When people plan on going to Asia for vacation, they don’t think about Japan, China or South Korea. Most of them, especially younger populations, prefer to start in Thailand. The country is considered the gateway to the tropical Southeast Asia region. It sits right in the middle geographically, and is in the center of every Asian country you may be interested in visiting. Most backpackers see Thailand as the starting point for their Asian backpacking escapade.
In 2017, around nine million tourists visited the land of smiles. The country is considered the region’s top spot for vacations and tourism. It offers a variety of delicious food, amazing culture, and impeccable nature. I, myself, got enticed by this majestic country. I’m pretty certain if you get there, you will learn a thing or two in life. I’m not sure if its culture shock, but here are some things I learned while travelling in Thailand.

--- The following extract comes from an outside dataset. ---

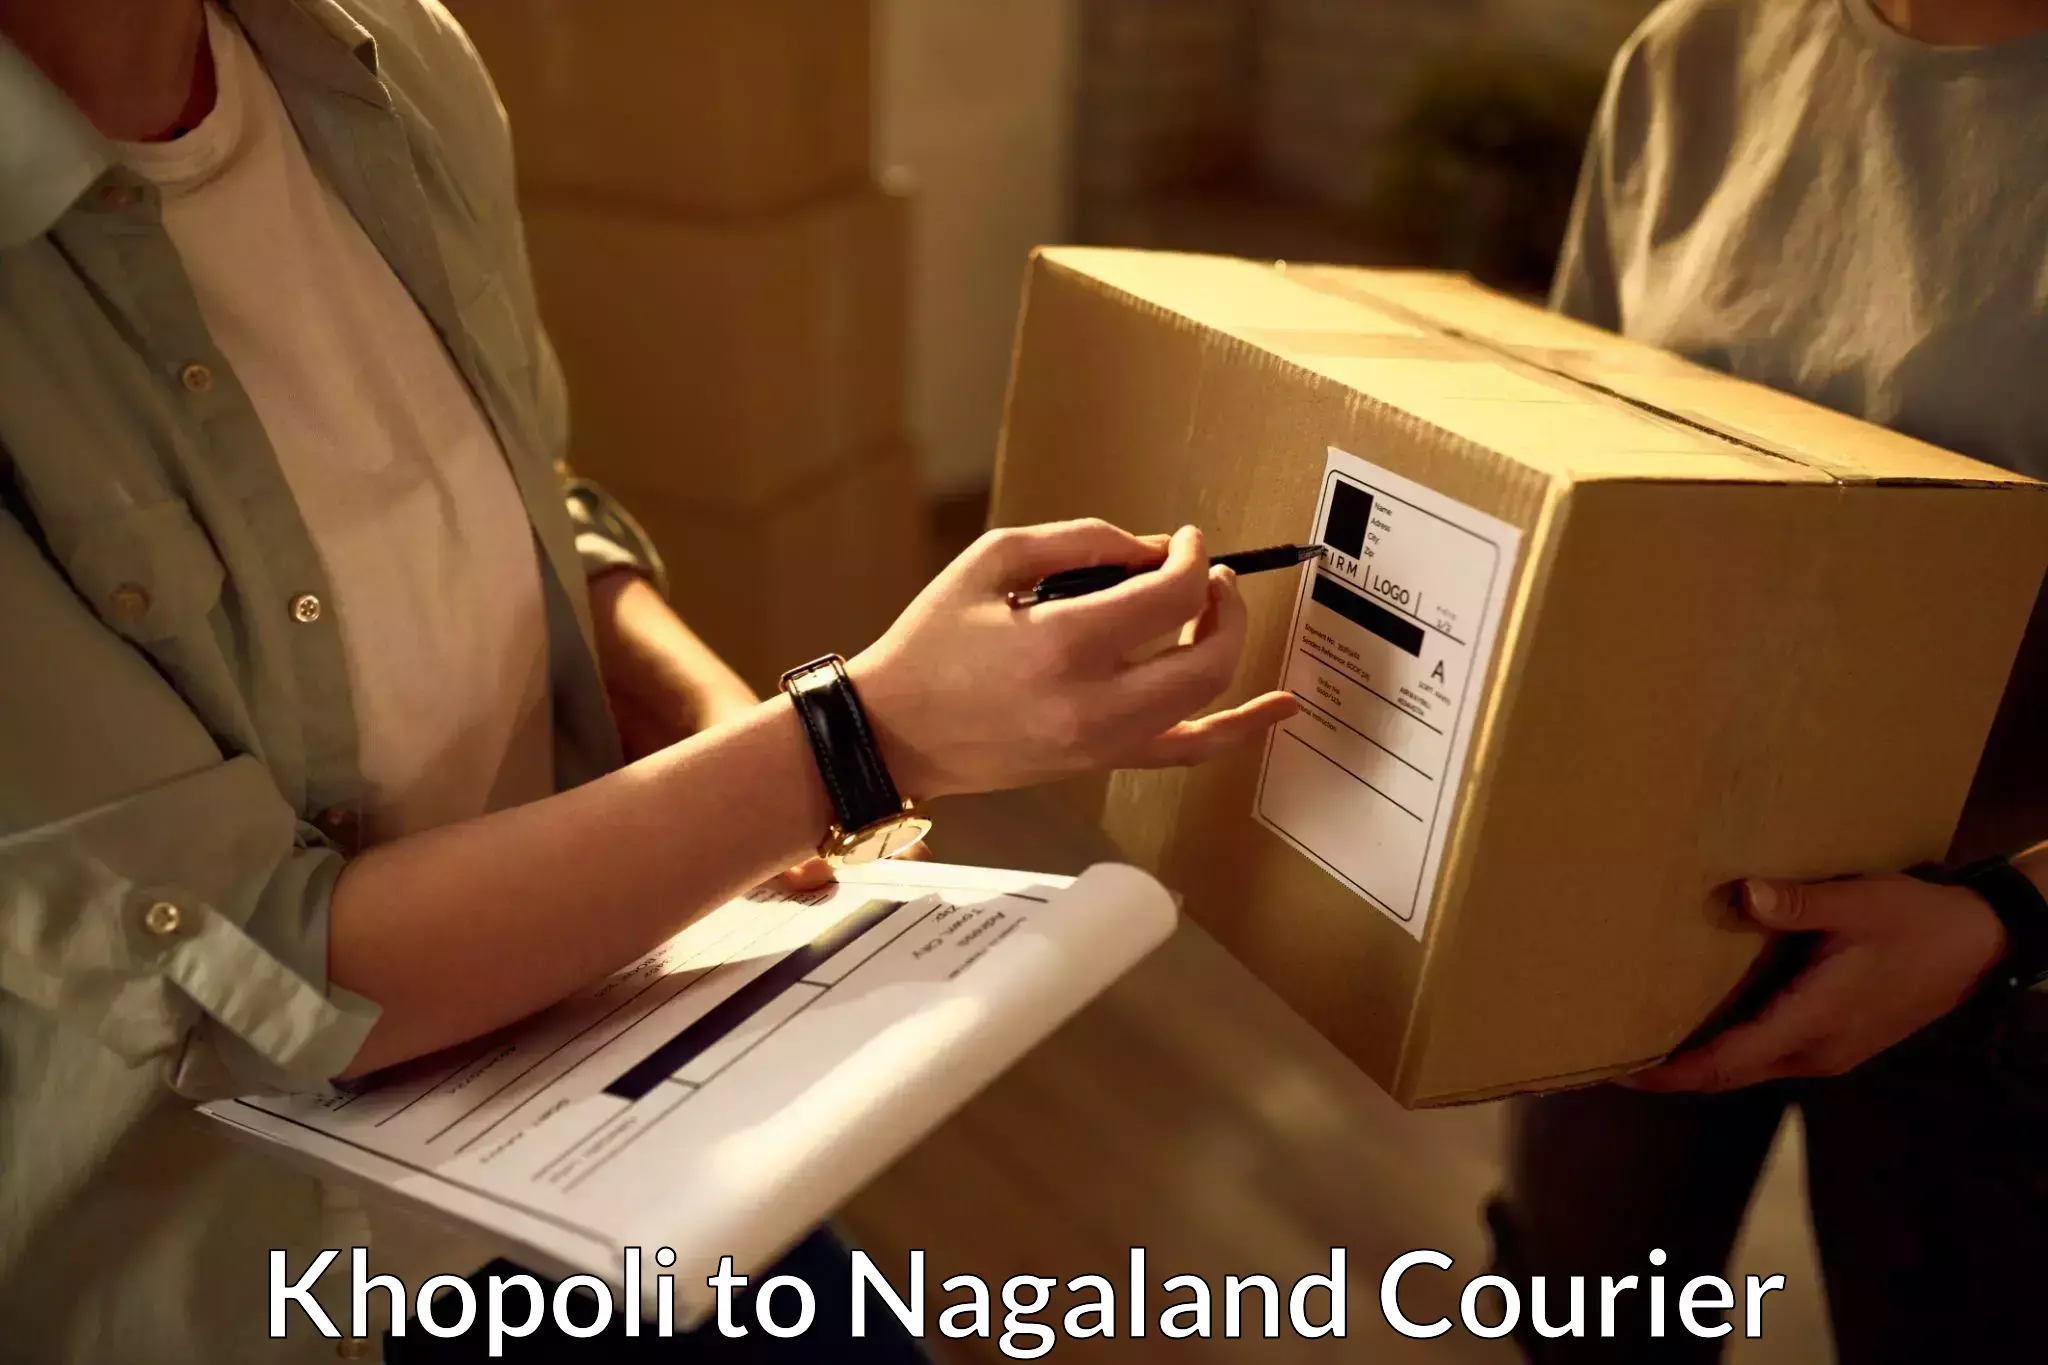 Cash on delivery service Khopoli to Nagaland

Thailand can be cheap, very cheap, especially if you go with the flow of locals and live like a local. Bangkok, being the capital city, can be a little costly, but anywhere else in Thailand is a gem of affordability. As you explore the northern and southern part of Bangkok, you get to experience cheaper and more affordable cost of living. A livable, cheap guesthouse can be priced to as little as 200 Thai Baht or $6. In addition, you’ll never be hungry in Thailand, as long as you are up for exploring their street food. Food stalls can be found everywhere in the country, and prices are very affordable, with adequate service.
This might not just be an isolated case in the country, but I saw a lot of price discrimination for tourists. Almost all tourist spots have entrance fees and other additional expenses, especially in Bangkok, which is notorious for having different prices when it comes to tourists. The moment you start speaking in English, and they know you’re a tourist, the park and temple facilitators will ask for a price double the amount they would charge the locals. In local terms, foreigners are called “farangs”, and most certainly you get more expensive fees on many attractions. Maybe it’s their way of enticing local tourism?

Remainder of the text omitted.